Aguanieve le congelaba las facciones pero él seguía hacia adelante a pesar del
viento, a pesar de la humedad, a pesar de todo.
Llegó al tee
del 10, dejó la bolsa en el suelo y sacó
el driver, su palo maldito. Había
perdido la cuenta de los drivers que
había comprado, intercambiado, vendido. Ninguno evitaba aquellos waggles que lo torturaban. Aquel no era
un driver especial, ya se había
cansado de malgastar energía en esa búsqueda infructuosa. Aquel lo había cogido
por la mañana de su colección sin mirar el modelo siquiera. Era uno de los
primeros con los que había comenzado a jugar. Ese valdría para un golfista tan
inútil como él. Buscó al azar una bola en el bolsillo de su bolsa y la que le
vino a la mano fue exactamente aquella: la bola magenta iridiscente. Sonrió. A
veces la vida te guiña un ojo y gasta una broma que te hace sonreír a pesar del
momento.
La colocó en el tee,
se preparó, miró a la bandera en el horizonte, giró el cuerpo, levantó los
brazos y, clic, la bola salió directa
al centro de la calle. Daniel se giró henchido de orgullo pero no había nadie
que pudiera compartir la emoción. ¿Qué había pasado? ¿Dónde estaban sus waggles? Cayó al suelo llorando de
alegría. No daba crédito a lo que acababa de suceder. ¿Repetiría algún otro
como aquel? ¿Habría superado el problema con aquella nueva bola de la suerte?
¿Superstición? ¿Era el primer paso a la recuperación? Tanto esfuerzo había
valido la pena, de eso estaba seguro. Ahora a seguir jugando. La bola lo
esperaba.
*****************
El
aterrizaje había sido complicado. No sabía cómo había llegado hasta aquel
agujero, ni cómo saldría de allí. Los indicadores de su nave daban error en
todos los paneles y, por ello, no sabía ni en qué planeta se encontraba. El
agujero de gusano abierto no había sido el correcto pero no entendía cómo podía
haber errado tanto la trayectoria. Inició el protocolo de comprobación de los
sistemas. Al menos el de soporte vital funcionaba correctamente y aseguraba así
su supervivencia aunque no tenía muy claro hasta cuándo podría resistir aquella
situación.
Las
comunicaciones estaban cortadas y el motor de hiperespacio no arrancaba.
Estuviera donde estuviera, estaba atrapado. Perdido en el espacio, en algún
planeta lejano, en una galaxia desconocida. Se sintió triste y derrotado por
unos instantes pero pronto recuperó la compostura. No lo habían entrenado para
tirar la toalla al menor de los problemas.
De
repente, unas tenazas enormes lo sacaron de la oscuridad. Vio ante sí lo que
parecía un rostro masculino con la cabeza cubierta por un tejido desconocido.

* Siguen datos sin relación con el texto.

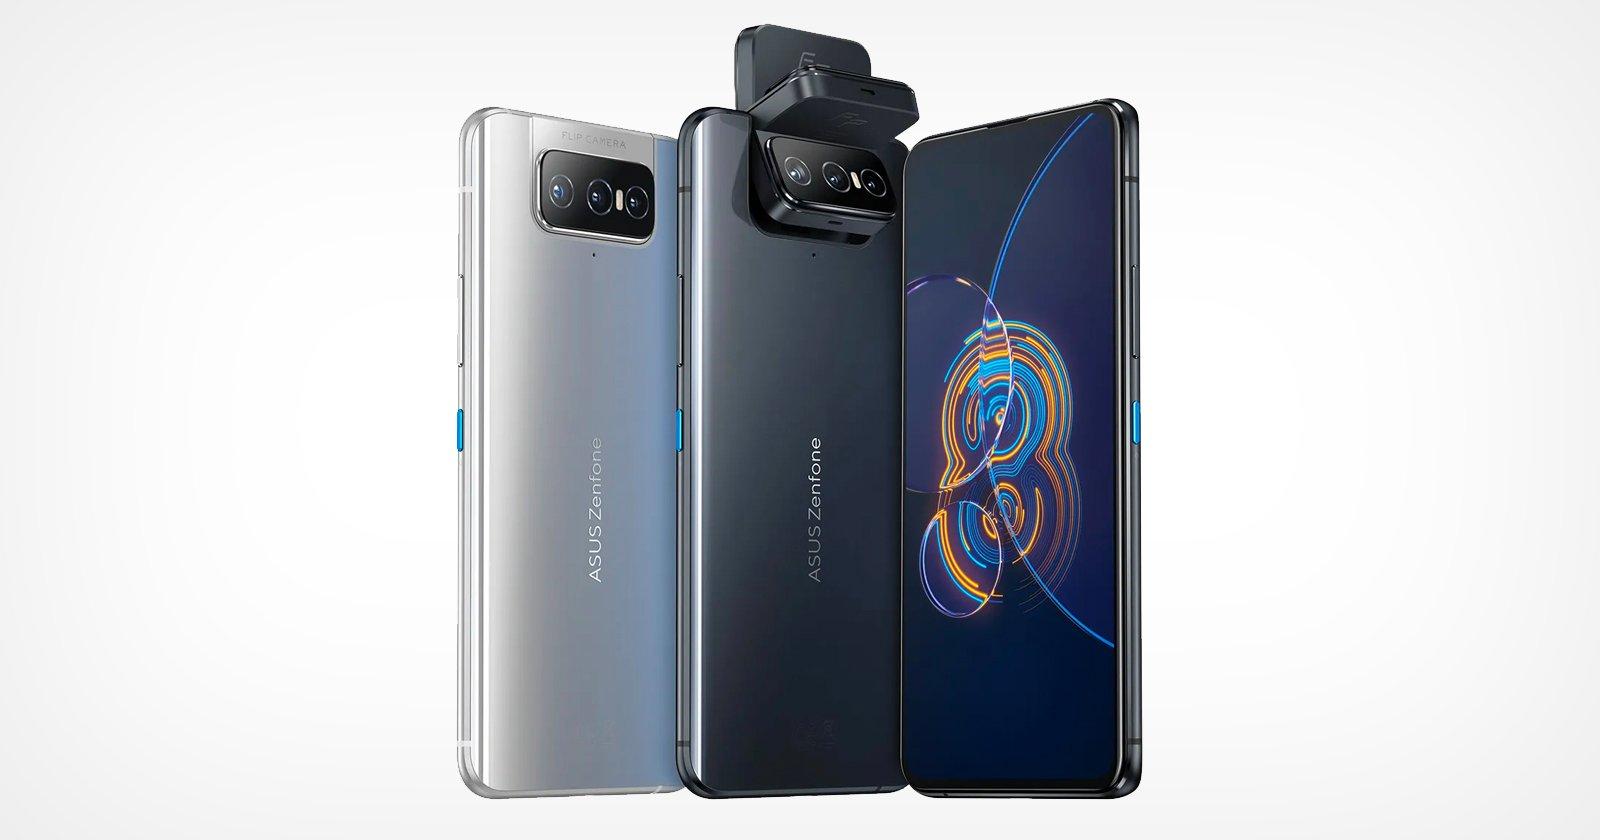 Asus Unveils the Zenfone 8 and Zenfone 8 Flip Smartphones

En esencia se parecía a su especie pero la envergadura se multiplicaba
exponencialmente. Era lo que en las historias mitológicas llamaban un gigante.
Se estremeció al comprobar cómo aquella figura examinaba su nave con atención.
Aquel gigante se encogió de hombros y lo guardó junto con otras naves de
diferentes colores, o eso era lo que parecían.
Si
eran naves, tal vez pudiera comunicarse con ellas de alguna manera. Eran
blancas y amarillas. Eso le desconcertaba porque no eran los colores de su
flota. Sin embargo, el viajero del espacio llegó a la conclusión de que podían
provenir de planetas cercanos al suyo. Las comunicaciones seguían caídas e
intentó con señales luminosas. En aquella nueva oscuridad, el silencio fue la
respuesta más repetida. Y se rindió. Se rindió al darse cuenta de que se
movían. Era un movimiento lento y de cadencia rítmica. No llegarían muy lejos a
esa velocidad y se desesperó. Subidas, bajadas, golpes contra un cuerpo que lo
desestabilizaba hasta llegar a algún lugar.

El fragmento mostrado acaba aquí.